DATA SHOWN –
Segment Open
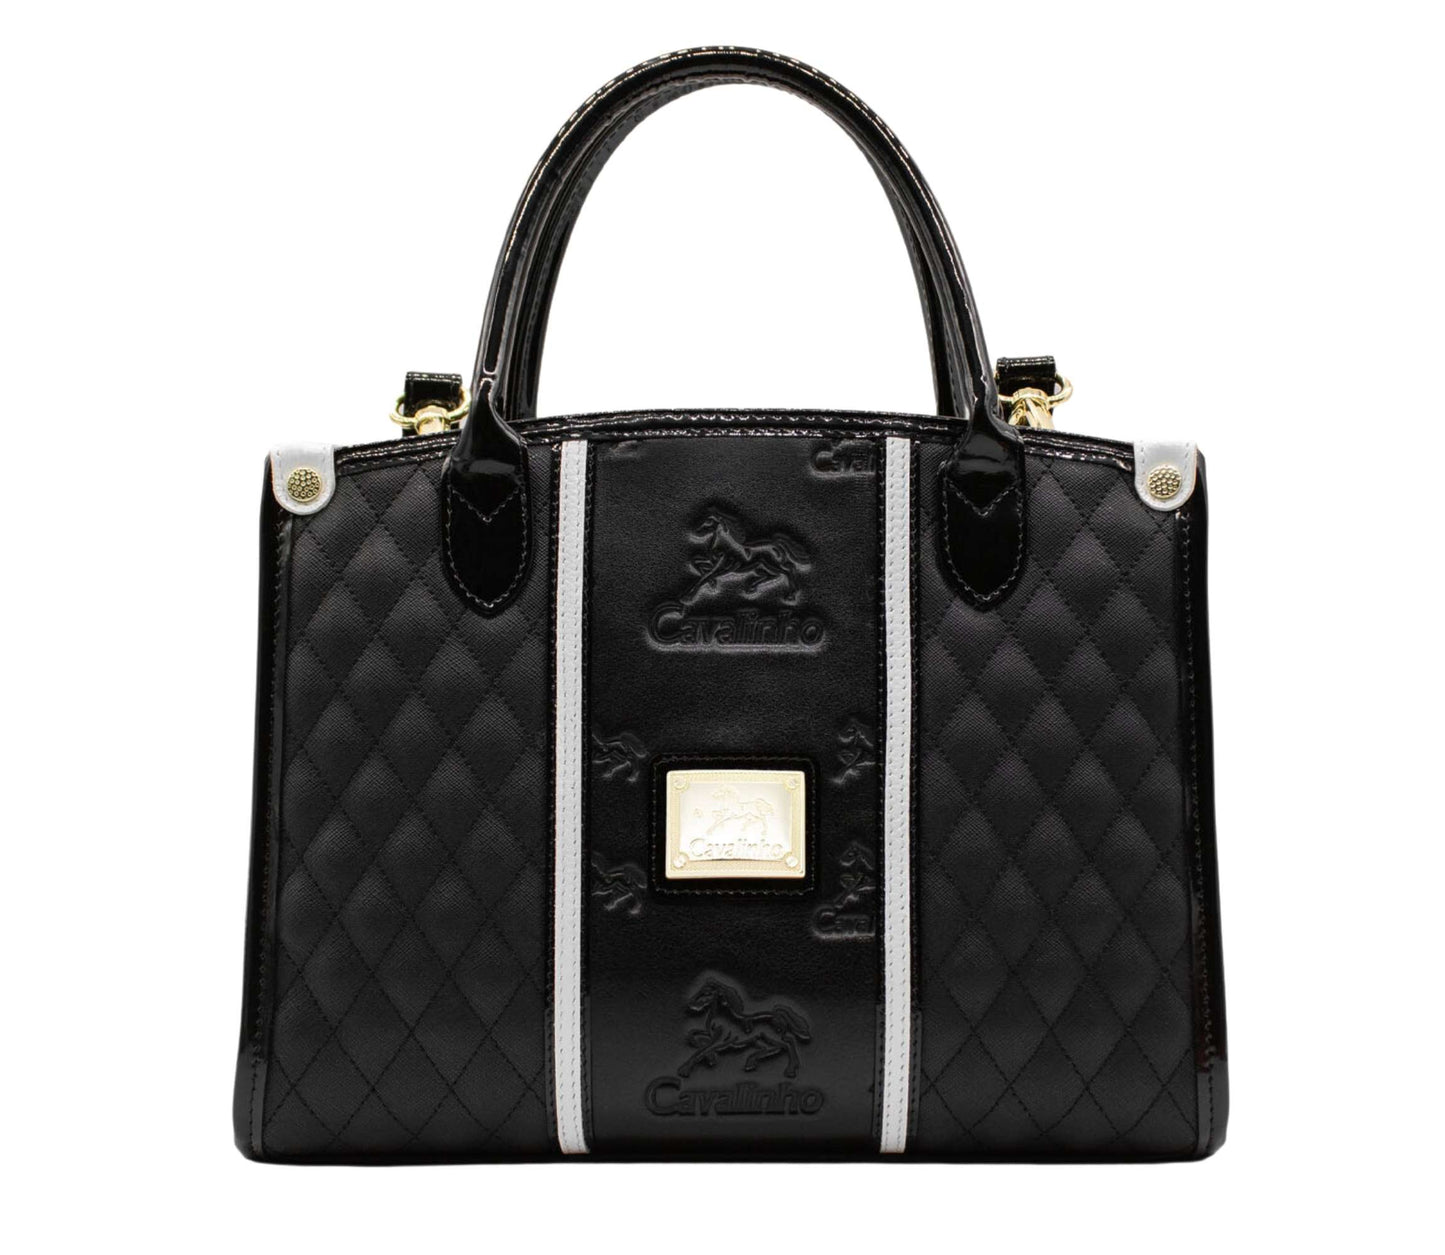 Cavalinho Royal Handbag - Black and White - 18390480.21.99
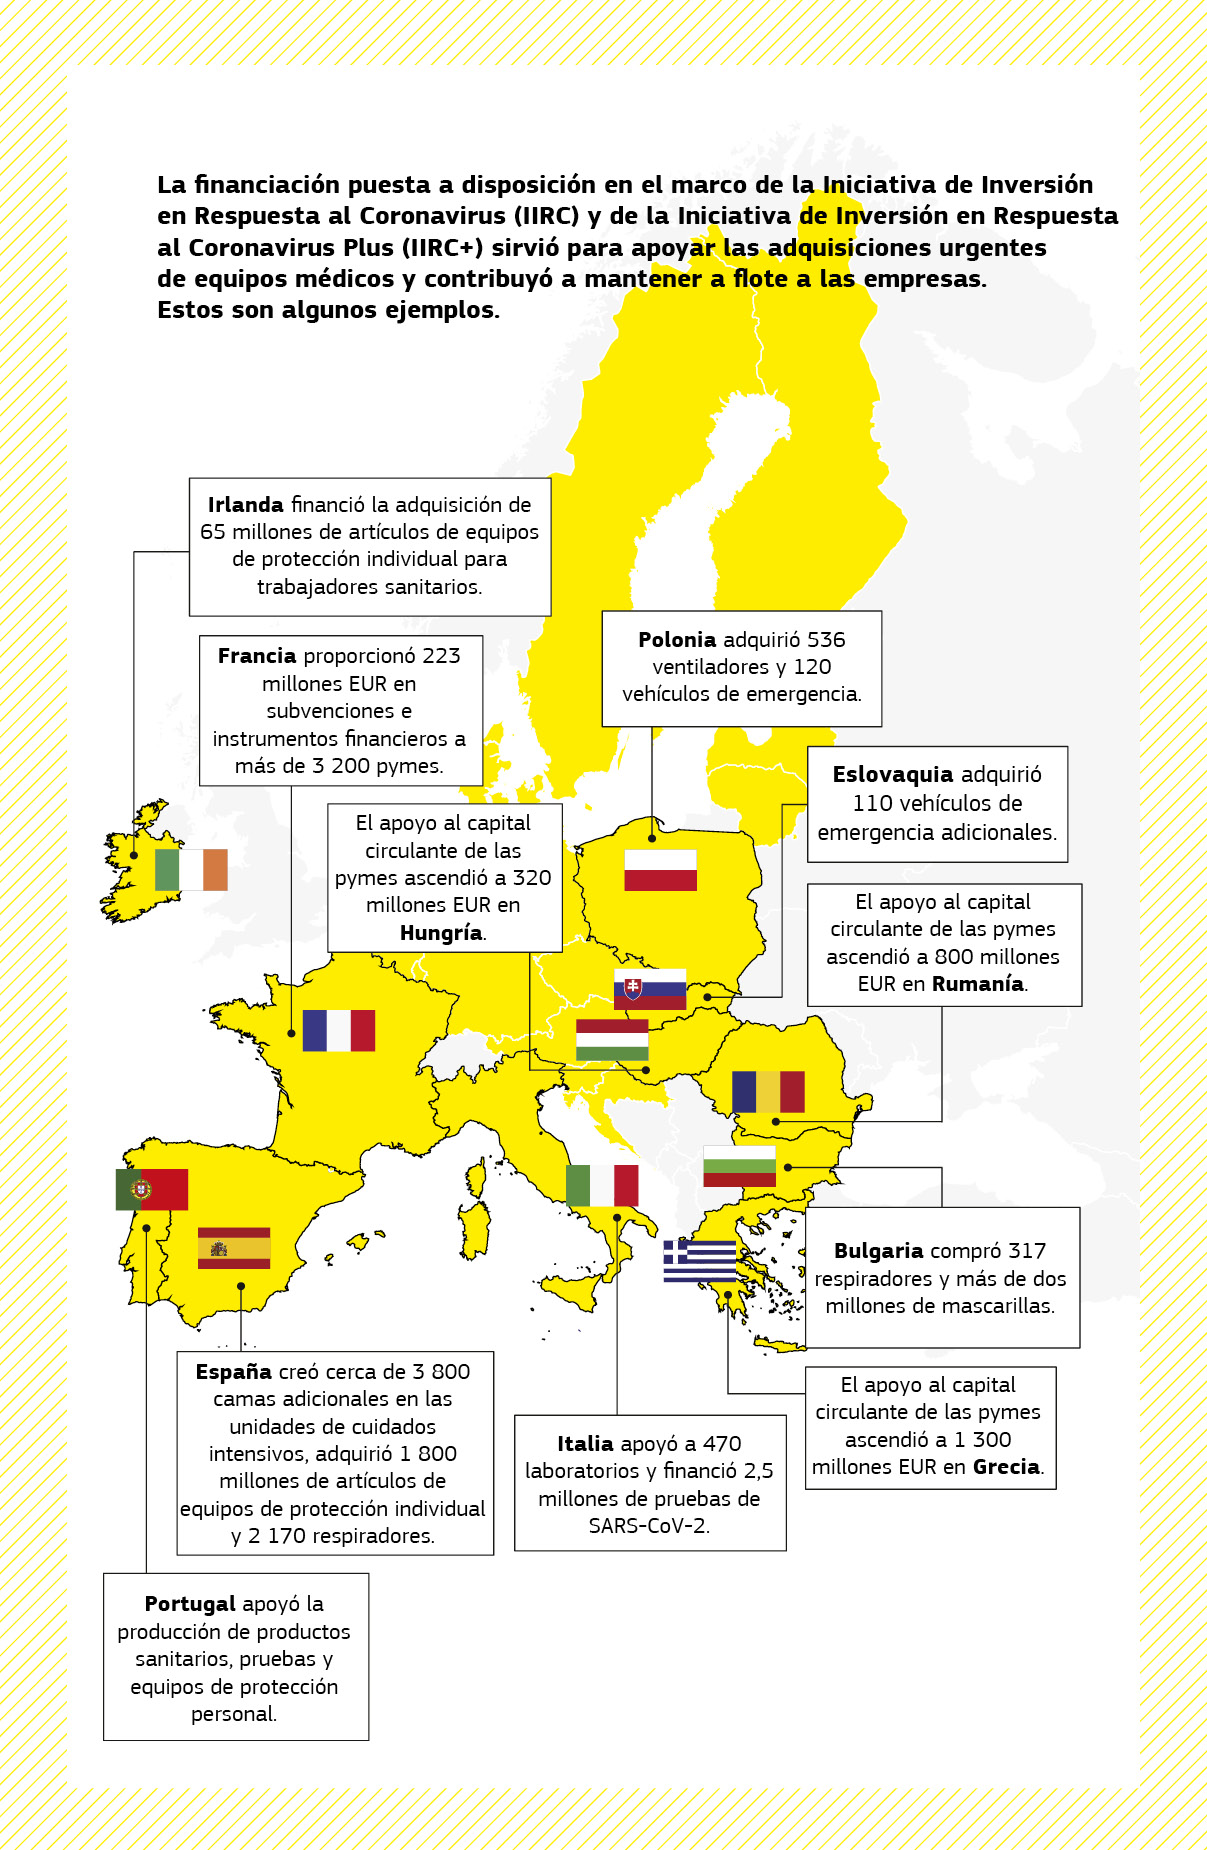 Mapa que resume una serie de proyectos de apoyo durante la pandemia financiados por la Iniciativa de Inversión en Respuesta al Coronavirus y la Iniciativa de Inversión en Respuesta al Coronavirus Plus en varios Estados miembros de la UE.
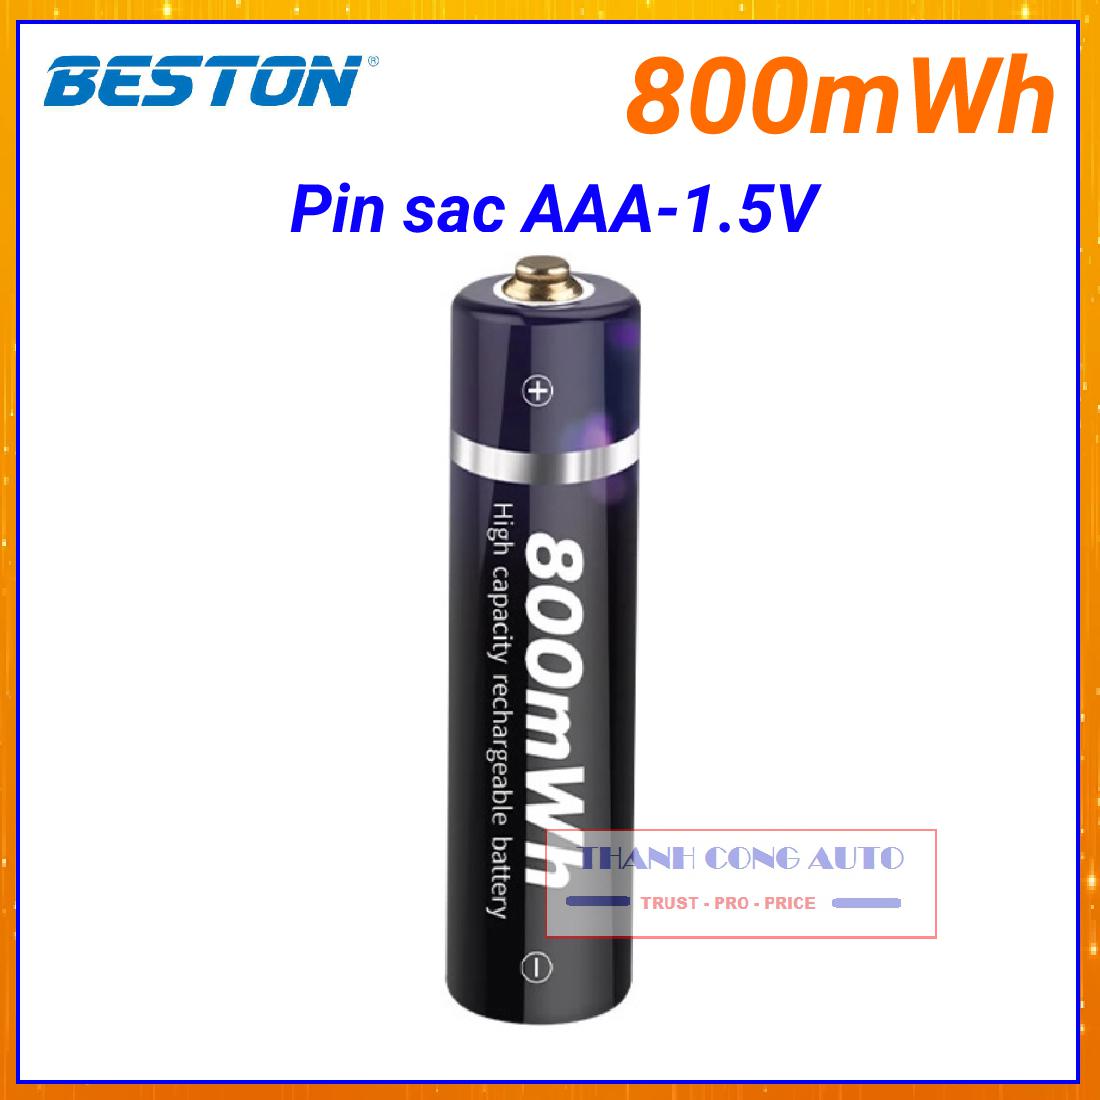 Pin sạc Lithium 1,5V- AAA chính hãng Beston 800mWh cao cấp
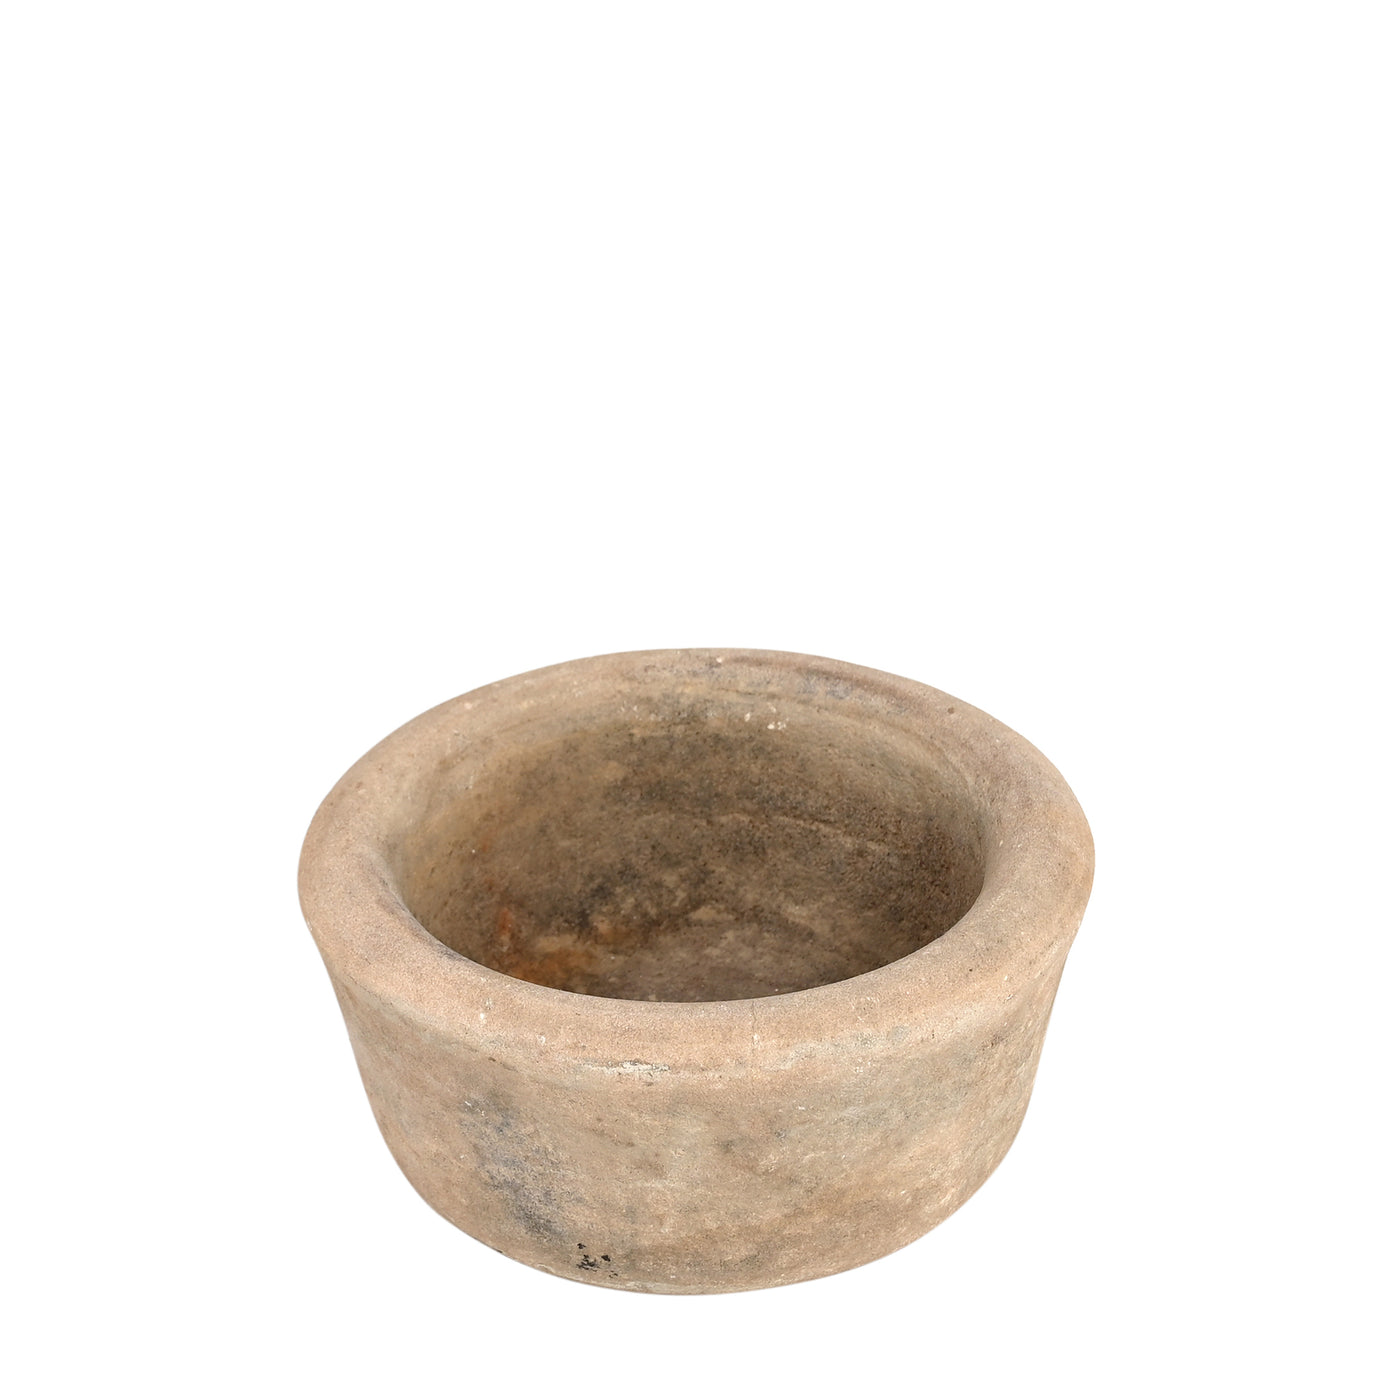 Devliya - Stone bowl n ° 5
Segment Closed
TASK INSTRUCTIONS – What is needed is a word-for-word restatement of the lines from the one holding "Mapa que resume" to the final line of the data above, inclusive, without any pictures.

WORKED SOLUTION –
 Mapa que resume una serie de proyectos de apoyo durante la pandemia financiados por la Iniciativa de Inversión en Respuesta al Coronavirus y la Iniciativa de Inversión en Respuesta al Coronavirus Plus en varios Estados miembros de la UE.
 Pin sạc Lithium 1,5V- AAA chính hãng Beston 800mWh cao cấp
 Devliya - Stone bowl n ° 5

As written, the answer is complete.